◆ **WORK INSTRUCTION**
From the records below, extract only the lines running from the line with "Oversized frame holding" to the line with "To Cancer with", both lines included, reproducing them exactly.

◆ **Saved data entries**
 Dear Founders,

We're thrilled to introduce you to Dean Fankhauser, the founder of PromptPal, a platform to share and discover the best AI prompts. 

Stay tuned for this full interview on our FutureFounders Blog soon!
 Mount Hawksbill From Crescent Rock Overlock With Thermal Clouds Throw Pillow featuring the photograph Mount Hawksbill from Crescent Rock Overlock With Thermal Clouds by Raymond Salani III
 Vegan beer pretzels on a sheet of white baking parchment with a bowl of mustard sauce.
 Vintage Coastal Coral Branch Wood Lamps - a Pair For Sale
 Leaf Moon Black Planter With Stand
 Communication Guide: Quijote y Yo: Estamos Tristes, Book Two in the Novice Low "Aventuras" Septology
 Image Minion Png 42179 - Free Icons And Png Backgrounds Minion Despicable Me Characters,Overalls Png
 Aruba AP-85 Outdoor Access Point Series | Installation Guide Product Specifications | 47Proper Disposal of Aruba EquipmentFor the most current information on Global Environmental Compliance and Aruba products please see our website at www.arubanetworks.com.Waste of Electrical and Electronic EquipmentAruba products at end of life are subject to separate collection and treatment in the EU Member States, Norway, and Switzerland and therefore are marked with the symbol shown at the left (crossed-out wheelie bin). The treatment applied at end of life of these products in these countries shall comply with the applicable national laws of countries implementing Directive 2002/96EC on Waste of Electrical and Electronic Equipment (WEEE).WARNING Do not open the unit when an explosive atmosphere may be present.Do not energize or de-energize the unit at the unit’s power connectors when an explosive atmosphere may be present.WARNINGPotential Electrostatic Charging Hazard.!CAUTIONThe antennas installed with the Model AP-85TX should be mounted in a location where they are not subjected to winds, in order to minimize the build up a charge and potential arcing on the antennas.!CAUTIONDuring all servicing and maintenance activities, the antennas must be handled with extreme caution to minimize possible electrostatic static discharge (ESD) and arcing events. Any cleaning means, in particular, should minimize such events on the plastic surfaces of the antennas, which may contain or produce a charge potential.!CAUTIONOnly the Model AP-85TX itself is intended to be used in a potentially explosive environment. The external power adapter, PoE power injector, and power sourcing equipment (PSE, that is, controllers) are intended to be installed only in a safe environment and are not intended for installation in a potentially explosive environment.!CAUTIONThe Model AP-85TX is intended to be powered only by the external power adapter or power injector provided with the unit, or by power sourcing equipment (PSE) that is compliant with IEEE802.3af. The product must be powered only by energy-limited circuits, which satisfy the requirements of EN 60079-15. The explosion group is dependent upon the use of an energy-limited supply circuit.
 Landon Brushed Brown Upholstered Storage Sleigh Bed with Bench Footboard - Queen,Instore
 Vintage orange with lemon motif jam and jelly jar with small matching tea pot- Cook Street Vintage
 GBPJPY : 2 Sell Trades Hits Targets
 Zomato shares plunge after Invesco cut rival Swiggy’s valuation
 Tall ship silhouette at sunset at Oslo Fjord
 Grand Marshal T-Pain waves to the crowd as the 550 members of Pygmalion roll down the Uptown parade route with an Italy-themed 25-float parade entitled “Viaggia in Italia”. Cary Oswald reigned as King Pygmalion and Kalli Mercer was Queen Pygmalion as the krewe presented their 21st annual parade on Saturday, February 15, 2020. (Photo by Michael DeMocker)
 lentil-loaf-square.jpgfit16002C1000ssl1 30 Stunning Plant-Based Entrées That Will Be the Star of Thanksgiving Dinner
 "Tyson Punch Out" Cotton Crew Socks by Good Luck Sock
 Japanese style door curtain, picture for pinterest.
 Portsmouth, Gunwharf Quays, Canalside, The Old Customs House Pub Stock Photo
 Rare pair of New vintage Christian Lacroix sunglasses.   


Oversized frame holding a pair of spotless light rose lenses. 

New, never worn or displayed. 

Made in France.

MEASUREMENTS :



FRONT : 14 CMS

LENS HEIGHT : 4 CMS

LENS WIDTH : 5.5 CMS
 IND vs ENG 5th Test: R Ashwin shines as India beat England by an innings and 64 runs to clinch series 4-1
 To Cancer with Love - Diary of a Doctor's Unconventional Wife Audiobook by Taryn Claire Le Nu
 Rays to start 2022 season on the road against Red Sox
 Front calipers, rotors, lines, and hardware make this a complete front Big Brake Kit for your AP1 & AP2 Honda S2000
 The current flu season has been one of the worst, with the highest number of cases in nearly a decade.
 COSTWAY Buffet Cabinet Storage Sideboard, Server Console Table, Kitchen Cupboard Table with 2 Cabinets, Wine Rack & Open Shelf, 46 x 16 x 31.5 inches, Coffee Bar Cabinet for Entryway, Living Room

◆ **ANSWER BELOW**
Oversized frame holding a pair of spotless light rose lenses. 

New, never worn or displayed. 

Made in France.

MEASUREMENTS :



FRONT : 14 CMS

LENS HEIGHT : 4 CMS

LENS WIDTH : 5.5 CMS
 IND vs ENG 5th Test: R Ashwin shines as India beat England by an innings and 64 runs to clinch series 4-1
 To Cancer with Love - Diary of a Doctor's Unconventional Wife Audiobook by Taryn Claire Le Nu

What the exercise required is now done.